Люсьене было весело. Она ничуть не сомневалась, что завладеет этим человеком. Хотелось поиграть, позабавиться! Но при этом и промахнуться не хотелось. Поэтому она решила «пойти на дело» ночью. Конечно, существовал риск, что Тополев видит вещие сны, однако Люсьена надеялась на свою удачу. Бесценный артефакт – рука отца! – уже начал помогать ей: похоже, он так же стремился к Люсьене, как и она к нему.
Тополев жил в сборно-щитовом – на редкость уродливом – доме на улице Истомина, чуть пониже военного госпиталя и краевой больницы и чуть повыше городского морга. Понятно: когда-то папаша-сторож получил квартиру рядом с работой, и после его смерти сын остался там же.
Сергеев постучал. За дверью раздались шаги – сначала решительные, потом чуть слышные, осторожные, которые вдруг и вовсе затихли.
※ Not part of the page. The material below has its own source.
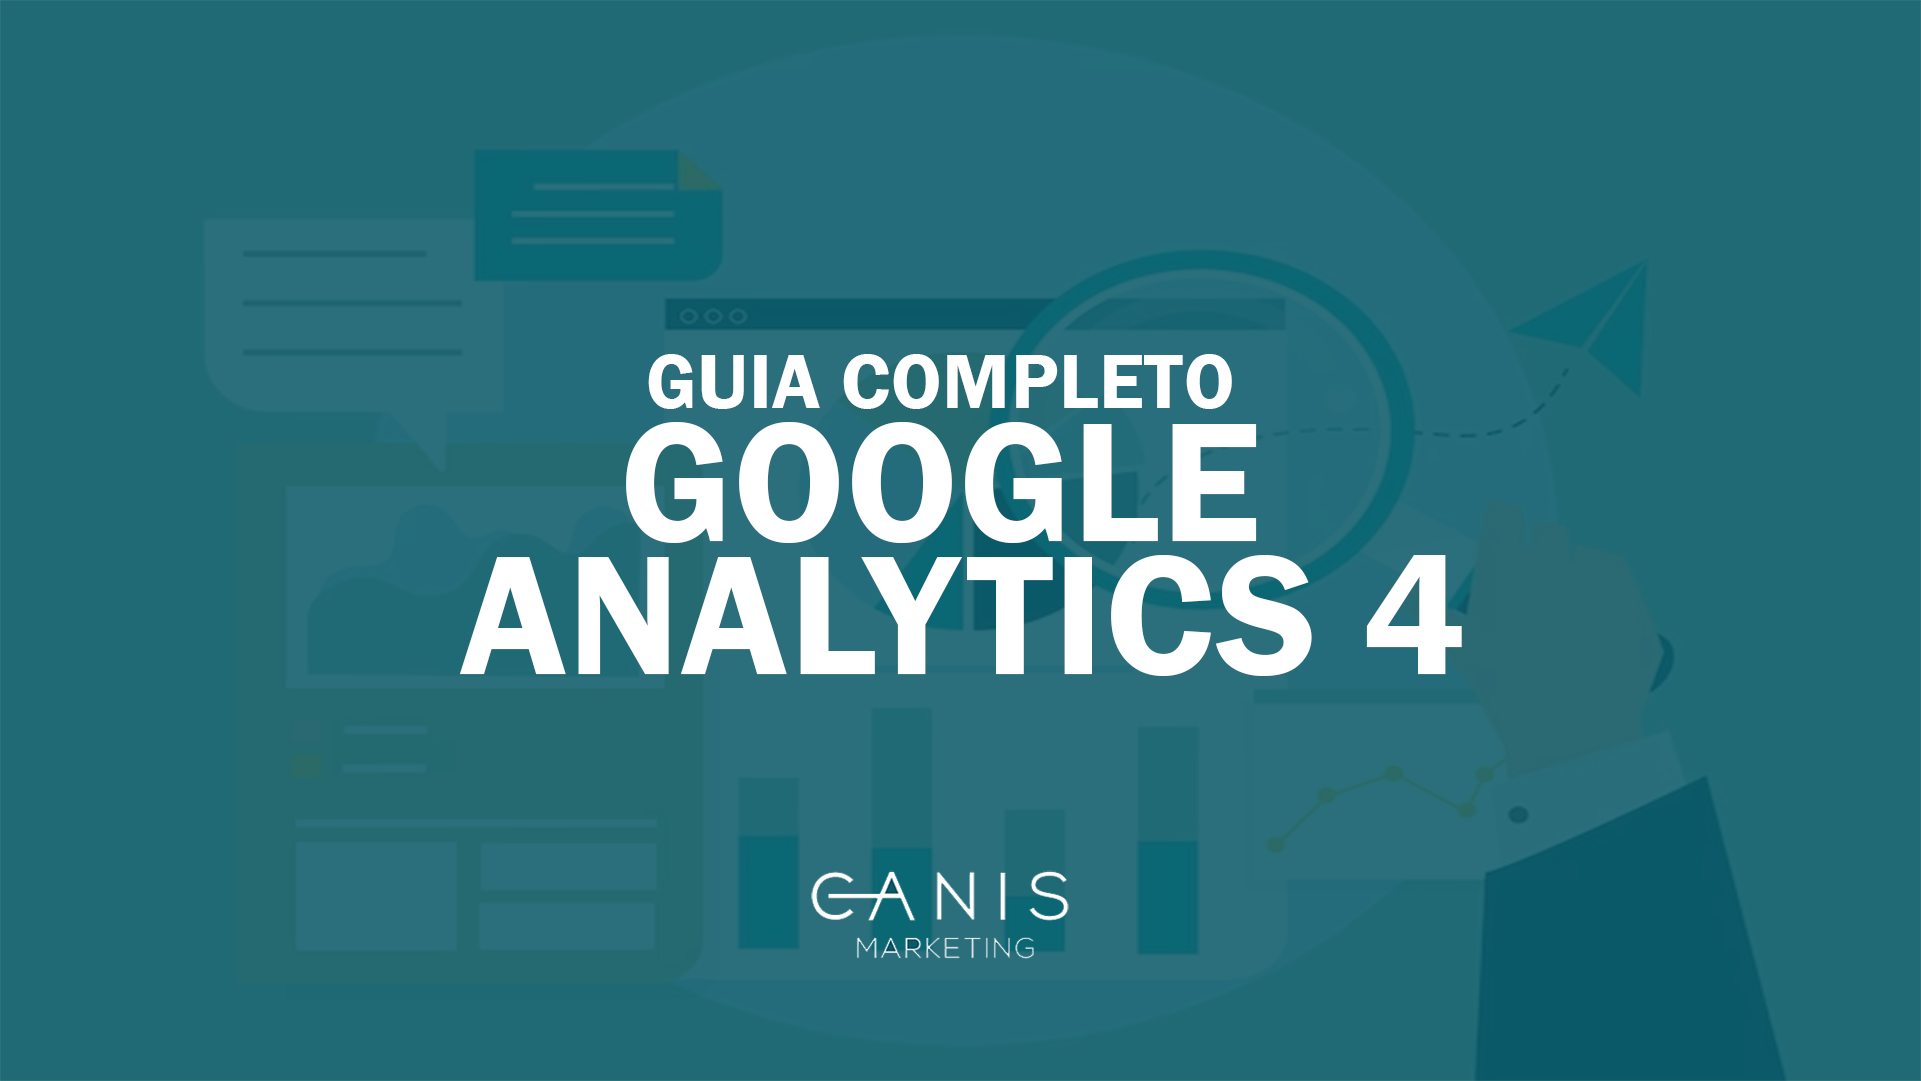 ANALYTICS Google Analytics 4 (GA4) | Guia completo 2021 | ANALYTICS

Видимо, Тополев со сна пошел было открывать, но почувствовал опасность и теперь замер – стоит насторожившись.
Люсьена сделала знак Сергееву, и тот заговорил:
– Ванька, открой! У меня срочное дело! Надо поговорить. Это для твоей же пользы.
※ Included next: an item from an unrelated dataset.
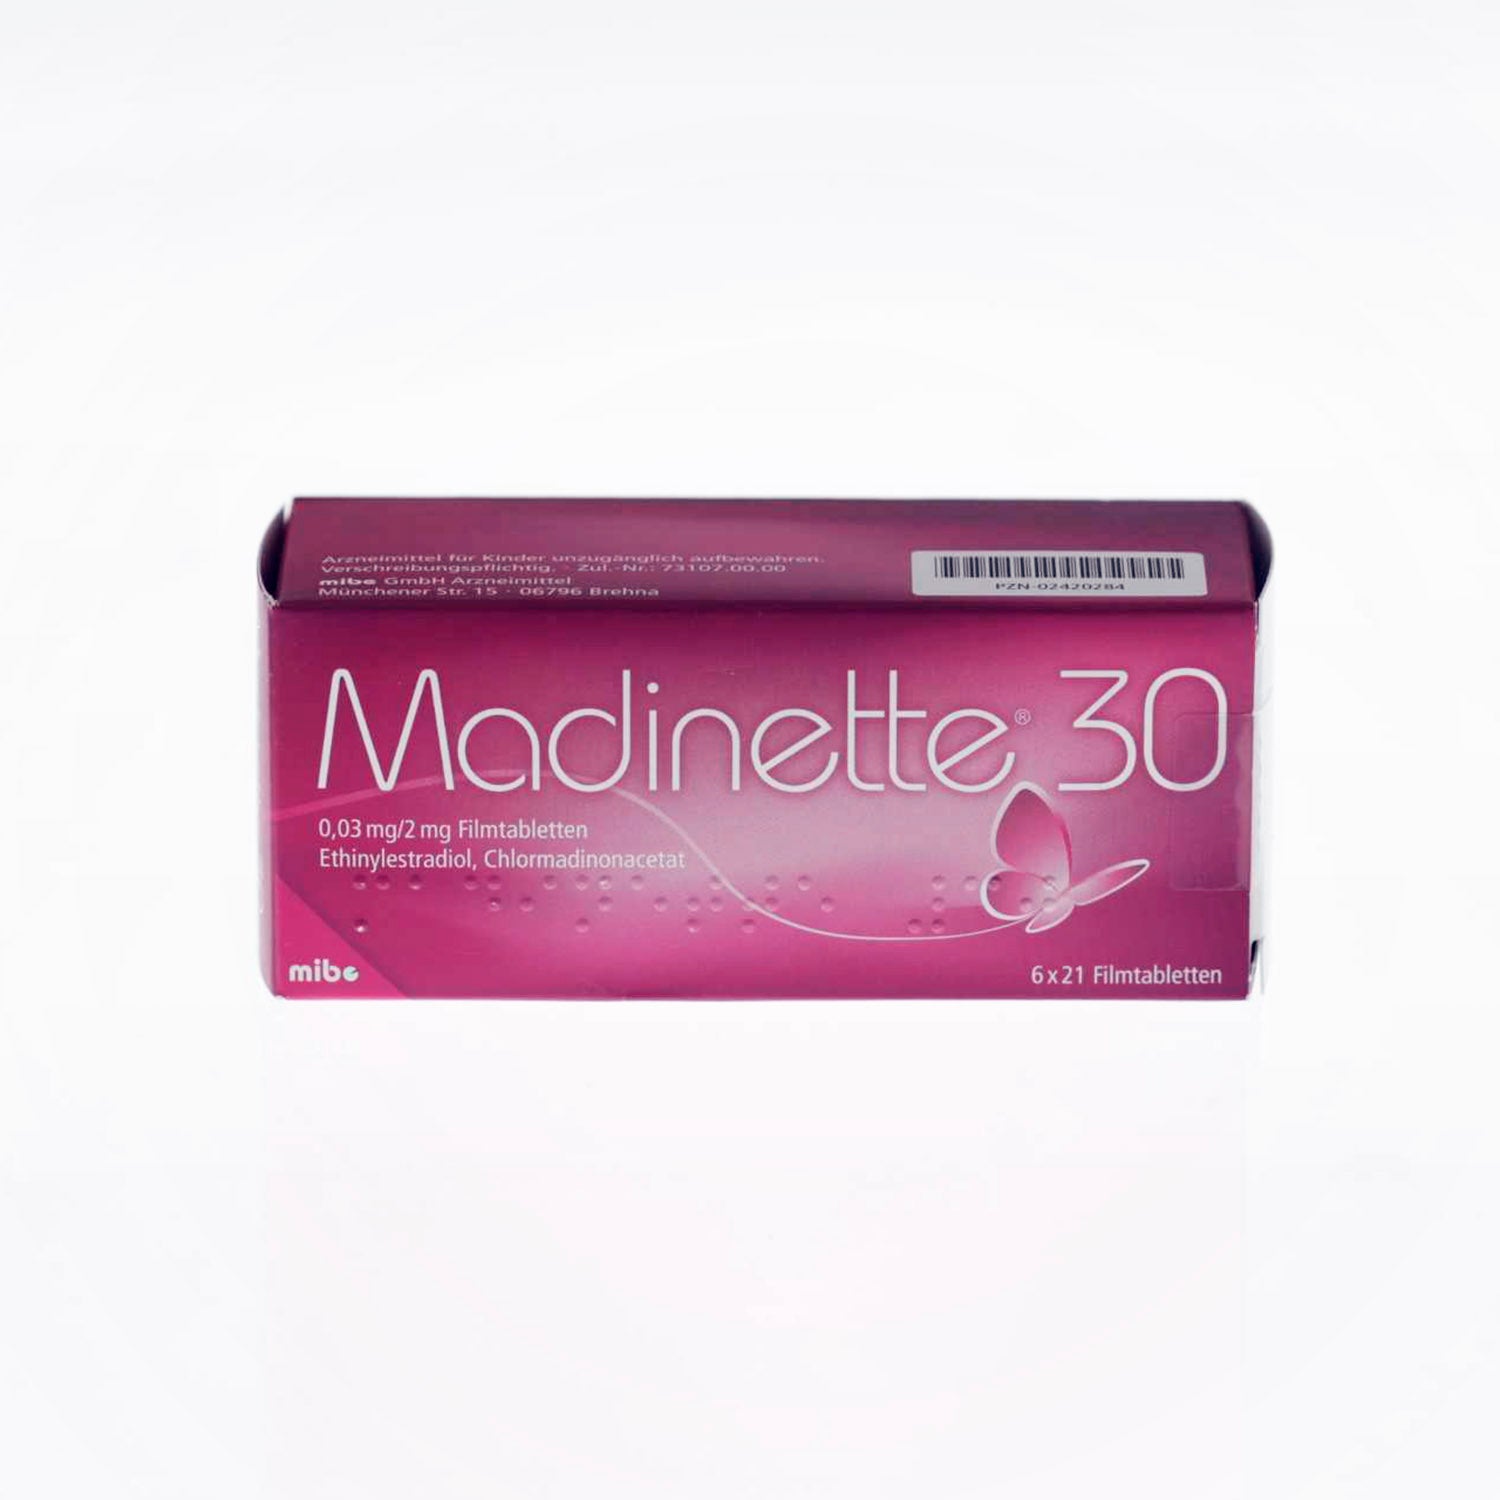 Madinette 30

– Чего надо? – негромко отозвался Тополев.
– Прошу, открой. Надо поговорить о твоем отце. Это важно!
Тополев возился за дверью, однако к замкам не прикасался. Люсьена чувствовала, что он торопливо одевается, чтобы сбежать. Она махнула Сергееву, чтобы продолжал бессмысленные уговоры, которые должны были отвлечь Тополева, а сама осторожно вышла из подъезда и встала под окном.
Существовала, конечно, опасность, что Тополев почувствует ее присутствие, однако где этому случайному медиуму, который не обучен обращаться со своим даром, было пробить защиту, которую выставила Люсьена Абрамец! Так и получилось. Тополев открыл окно, выглянул… Было искушение тотчас ударить его излучением внушения, однако Люсьена чувствовала, что с Тополевым легким внушением не обойдешься, разговор будет шумным, а потому хотела бы провести его не в этом домишке с картонными стенками, а в больнице, где к безумным крикам пациентов персонал да и другие пациенты привычны. Поэтому Люсьена подождала, пока Тополев перебрался через подоконник и спрыгнул на землю, и вышла из-за дерева, за которым скрывалась, только сейчас заметив, что это старый разлапистый тополь. Тополь, ну надо же!
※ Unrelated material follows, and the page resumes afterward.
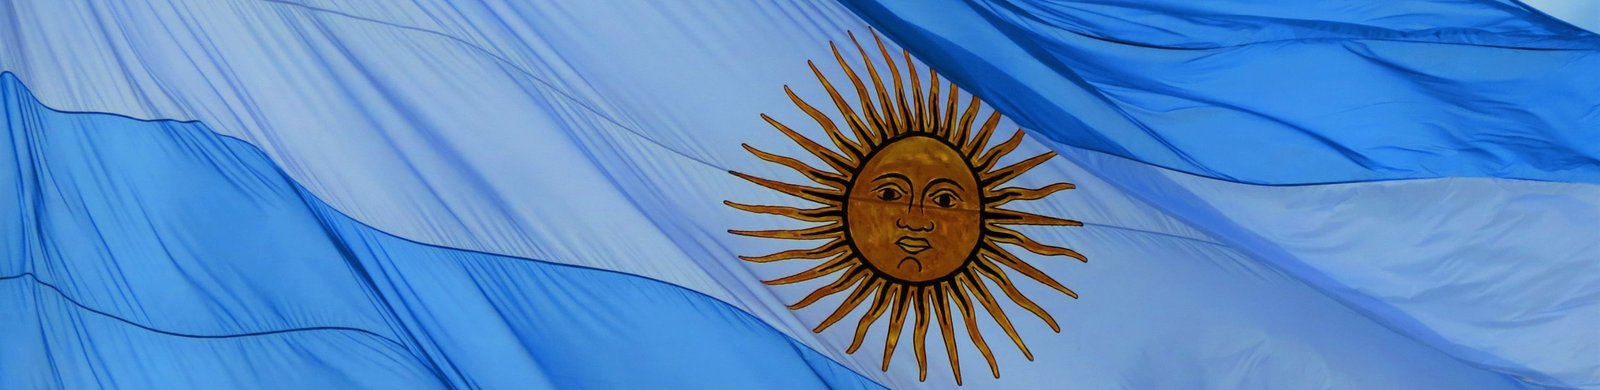 Día de nuestra Bandera Argentina.jpg
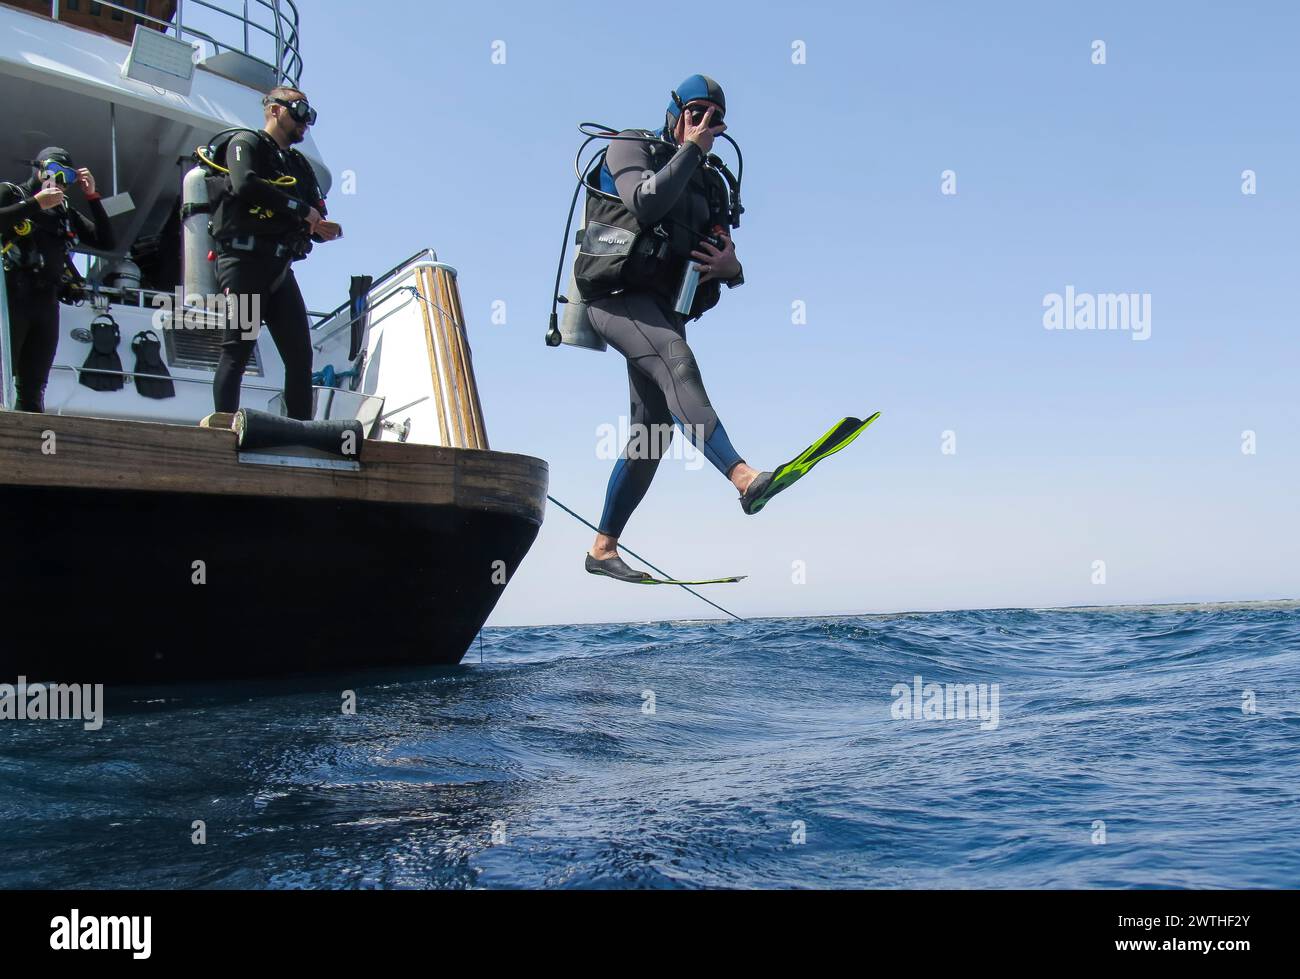 Taucher springt vom Tauchschiff ins Wasser, Rotes Meer, Ägypten Banque D'Images

Ей стало смешно, и первое, что услышал неудачливый беглец, был серебристый женский смех, от которого у него волосы стали дыбом, а потом приказ:
– Стой! – И рядом с его глазами оказались голубые глаза, которые, показалось ему, вдруг начали искриться, и эти искры впились в его душу и тело, вынуждая к полному повиновению.
Да, тело его стало покорным, однако душа рвалась на волю, и даже если его удалось совершенно спокойно на «жигуленке» Сергеева (Люсьена подумала, что и ей пора купить машину, но, конечно, не такое куцее уродство, или, не дай бог, «Москвич», а просторную «Волгу»!) доставить в больницу и даже не привлекая внимания сторожа и дежурного санитара (тратить силы еще и на их «убеждение» Люсьене сейчас было бы ни к чему), то, чтобы проникнуть в его сознание, в его воспоминания, пришлось в буквальном смысле попотеть. Тополев закрывался пусть неумело, но яростно, однако и Люсьена не собиралась сдаваться. Прежде всего, конечно, потому, что через Тополева-младшего она могла проникнуть в детские воспоминания и узнать о судьбе тела своего отца, а главное – удовольствие сломать сопротивляющуюся личность. Поэтому она пустила в ход такие средства, которые не расслабляли Тополева, а заставляли его испытывать боль.
Руки и ноги его дергались самопроизвольно, как на шарнирах, по всему телу шли мощные судороги, от которых он сначала упал на живот, а потом перекатился на спину так, что голова соединилась с пятками. Он катался по полу, вываливая язык, черный и распухший от того, что Тополев то и дело прикусывал его… Галлюцинации терзали его – самые страшные воспоминания прошлого: Люсьена умело направляла их к моргу, к его страшным постояльцам, однако Тополев снова поразил ее силой духа – он внезапно вырвался из страшных наваждений, уставился в глаза Люсьены выкачанными, полными страдания глазами и крикнул:
– За что? Что ты со мной делаешь? За что?!